Producers to get look at on-farm corn research plots

Producers to get look at on-farm corn research plots

K-State researchers will demonstrate how they work with producers to design on-farm tests

Producers and agronomists interested in doing an on-farm research test on their own farms will get a chance to learn more about research projects work on Monday.

That’s when K-State Research and Extension will host a tour of farms in Saline County to view on-farm research plots and dryland corn plots.

RESEARCH EXPLAINED: Kansas State University researchers will be explaining the ins and outs of on-farm research during tours of two farms on Monday.

The producers on the tour have participated in K-State’s new on-farm testing program conducted by K-State’s Ignacio Ciampitti, crop production and cropping systems specialist; Stewart Duncan, northeast area extension agronomist; and county extension personnel such as Tom Maxwell, Central District crop production agent, and others. Ciampitti, Duncan, and Maxwell, along with K-State extension entomologist, Jeff Whitworth, will speak at the four locations.

 “On this tour, we will be demonstrating how we work with producers to help them design an on-farm test of plant populations, hybrids or varieties, nutrient rates or other variables. And we’ll talk about how we analyze the results after harvest for the producers,” Ciampitti said.

 Local extension agents are an integral part of the on-farm testing program, he said. The agents work closely with producers, extension area agronomists and state specialists.

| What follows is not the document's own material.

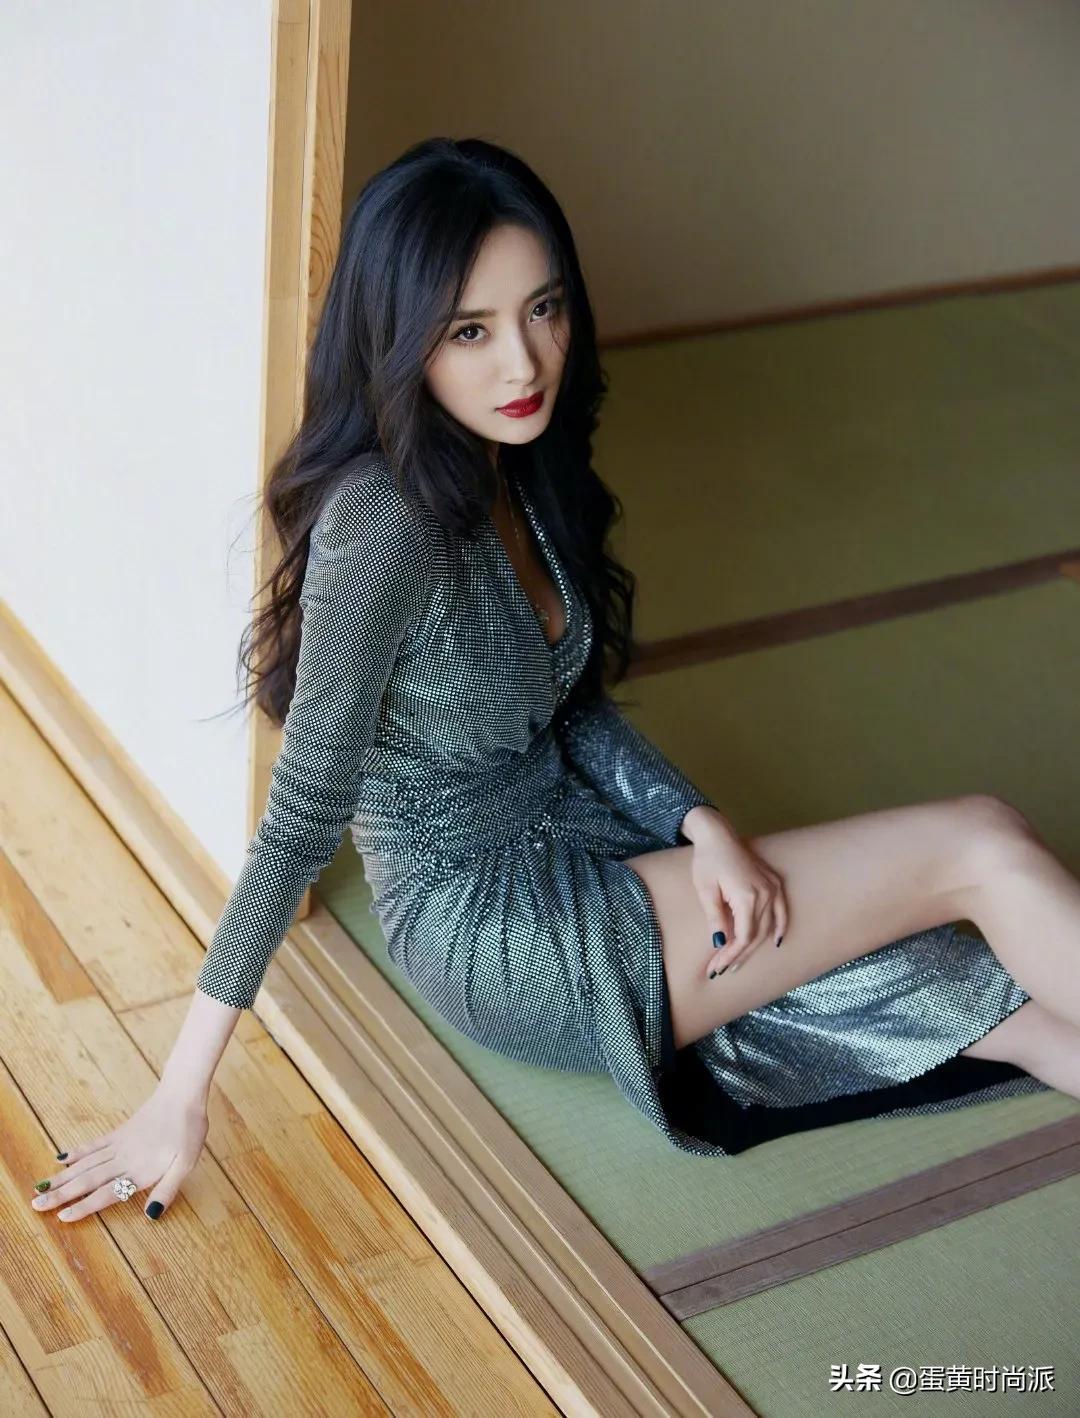 杨幂走路带风,年度影响力和商业价值女明星,闪光裙闪耀全场

 “I’m here to help ensure each of the on-farm tests is matched to what the individual producer wants. My goal is to get practical information on farming practices that our producers use, and to make sure the results are in a user-friendly format and available to anyone who is interested,” Maxwell said.

“The tour on July 27 will visit the farms and research plots we’ve set up in Saline County this year. The producers involved will be available to explain the program and talk about how it has been working for them,” he added.

The focus of the tour stops will be to highlight the on-farm research plots at each farm evaluating corn seeding rates and twin row versus 30-inch row corn. A discussion at each stop will include dryland corn production and management practices, including seeding rates, and insect control.

 Tour times and places:

8 a.m. at the Paul and Robert Karber Farm, located 4 miles south of Gypsum on Gypsum Valley Rd., 1 mile west on Hobbs Creek Rd., then 1/4 mile south on Kipp Rd. An on-farm research plot featuring corn seeding rates of 18,000, 22,000 and 26,000 seeds per acre will be discussed.

 9 a.m. at the Dwight Conley farm, located half mile south of Gypsum on Gypsum Valley Rd. An on-farm research plot comparing twin row corn vs. 30-inch row corn at five different seeding rates will be discussed.